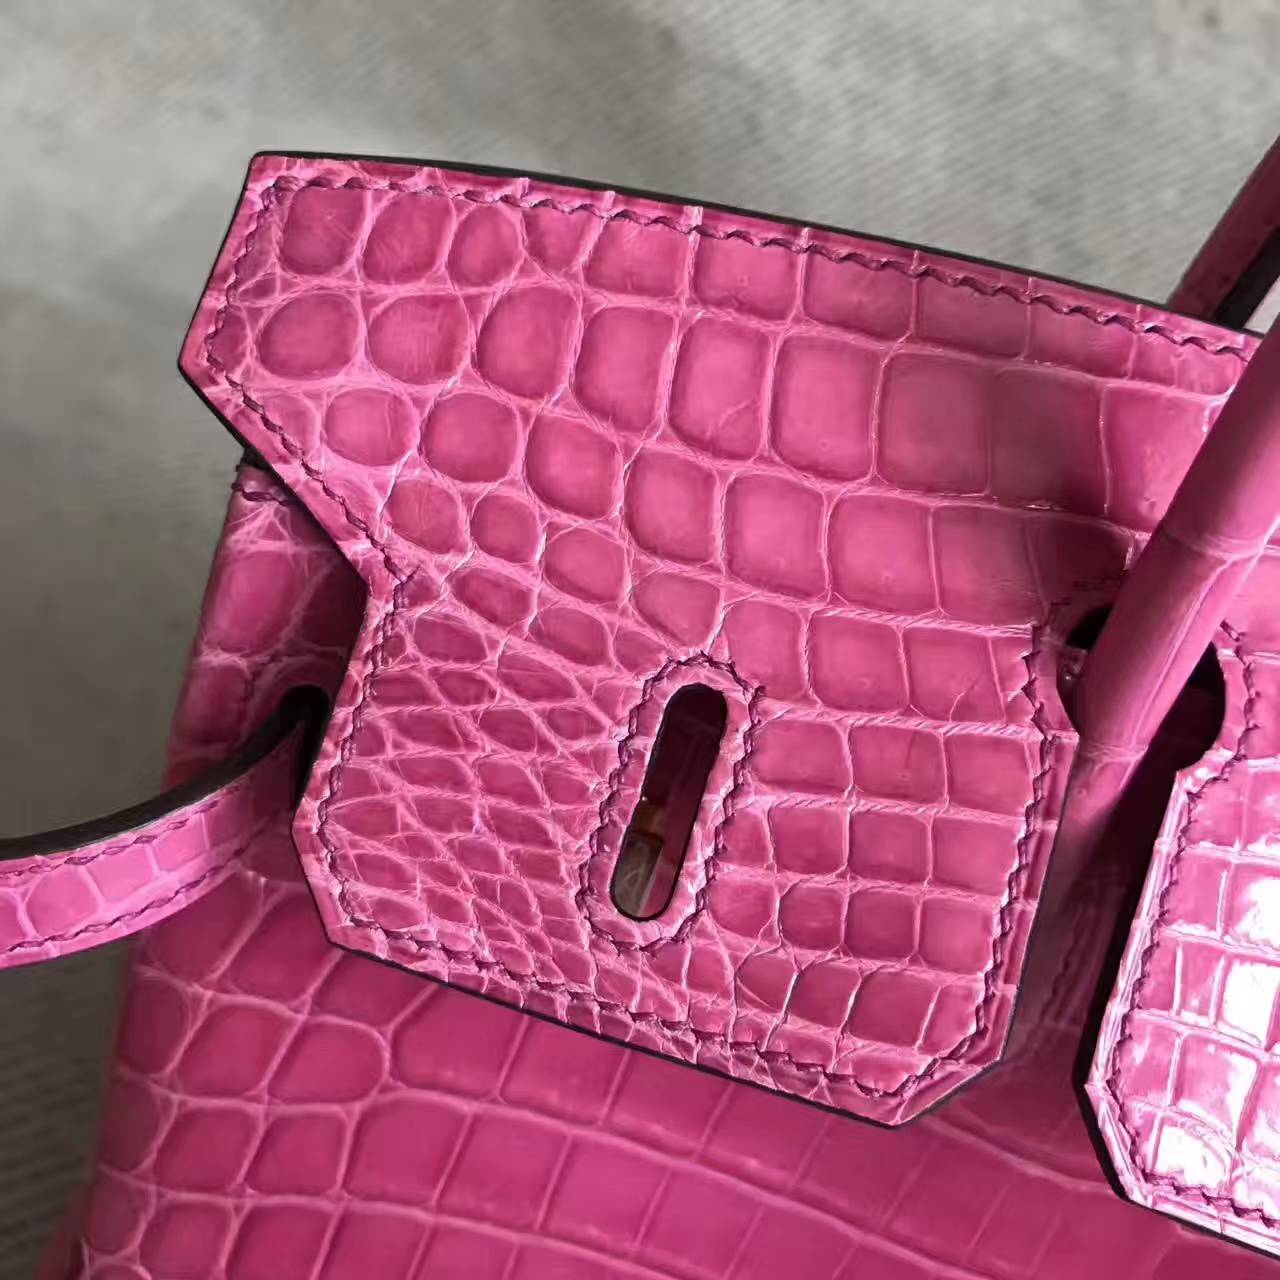 Luxury Hermes Shiny Crocodile Leather Birkin Bag 25cm in 5E Hot Pink
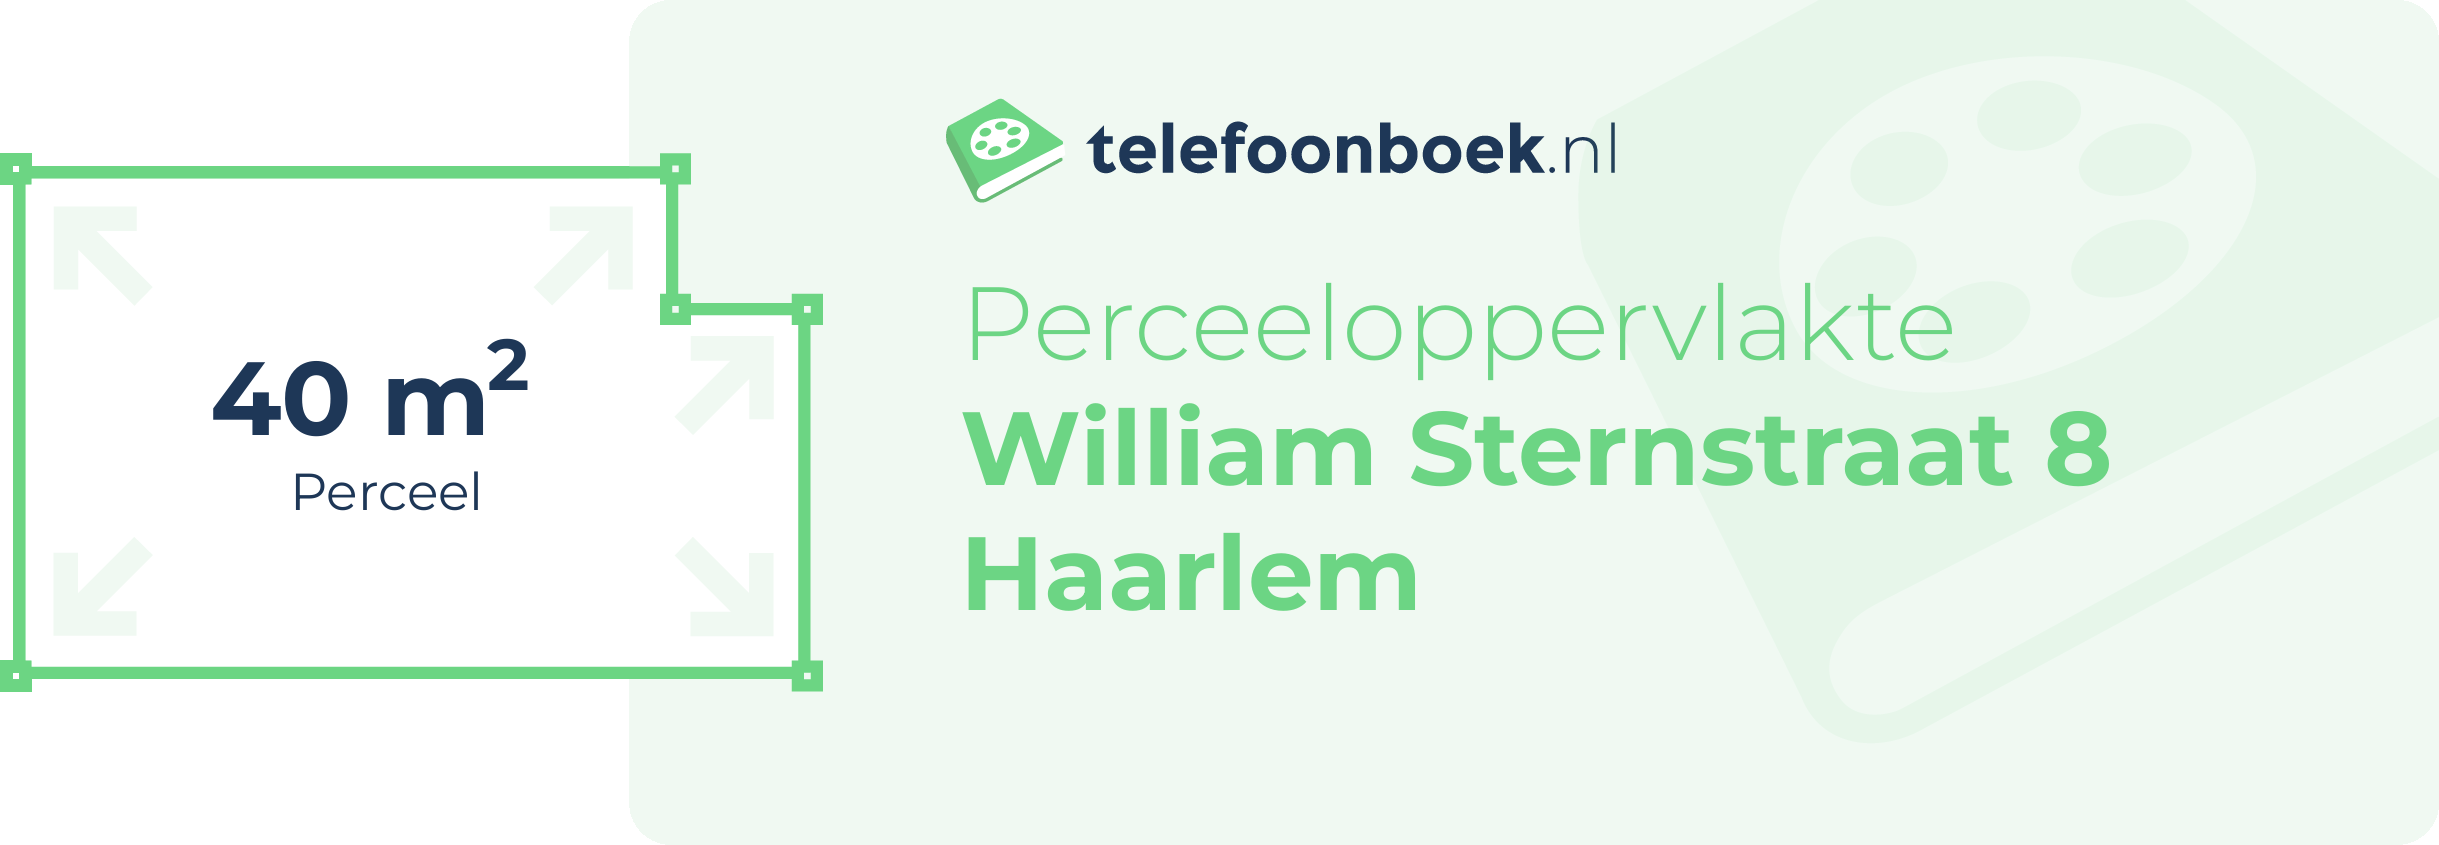 Perceeloppervlakte William Sternstraat 8 Haarlem
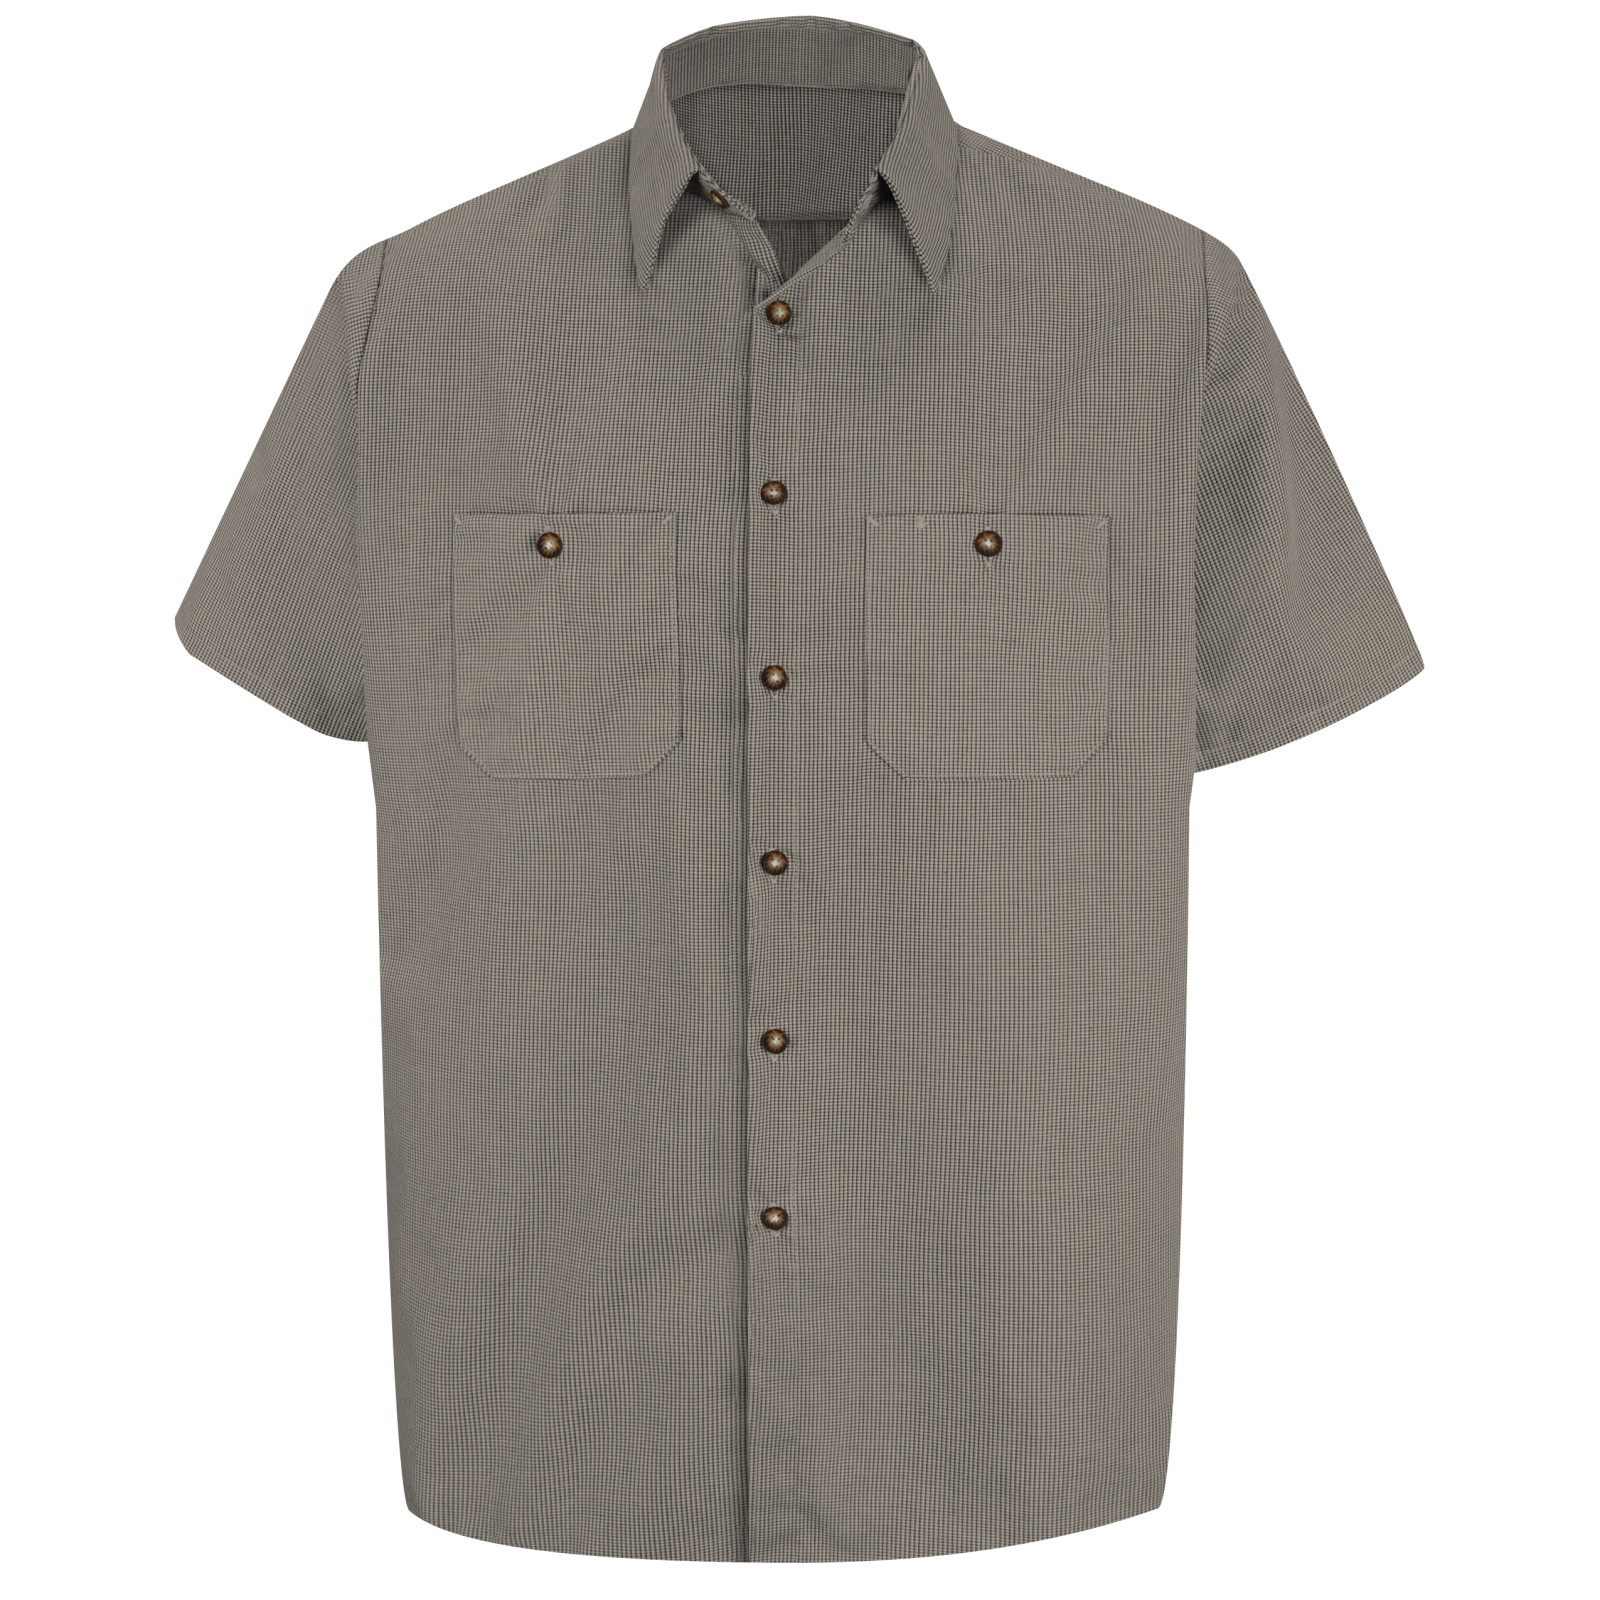 Mens shirt uniform small medium large XL blue gray green stripe white Cotton NEW

*Your task*
Repeat the listing above exactly, with no pictures.

*Reply*
 Luxury Hermes Shiny Crocodile Leather Birkin Bag 25cm in 5E Hot Pink
 Perceeloppervlakte William Sternstraat 8 Haarlem
 Mens shirt uniform small medium large XL blue gray green stripe white Cotton NEW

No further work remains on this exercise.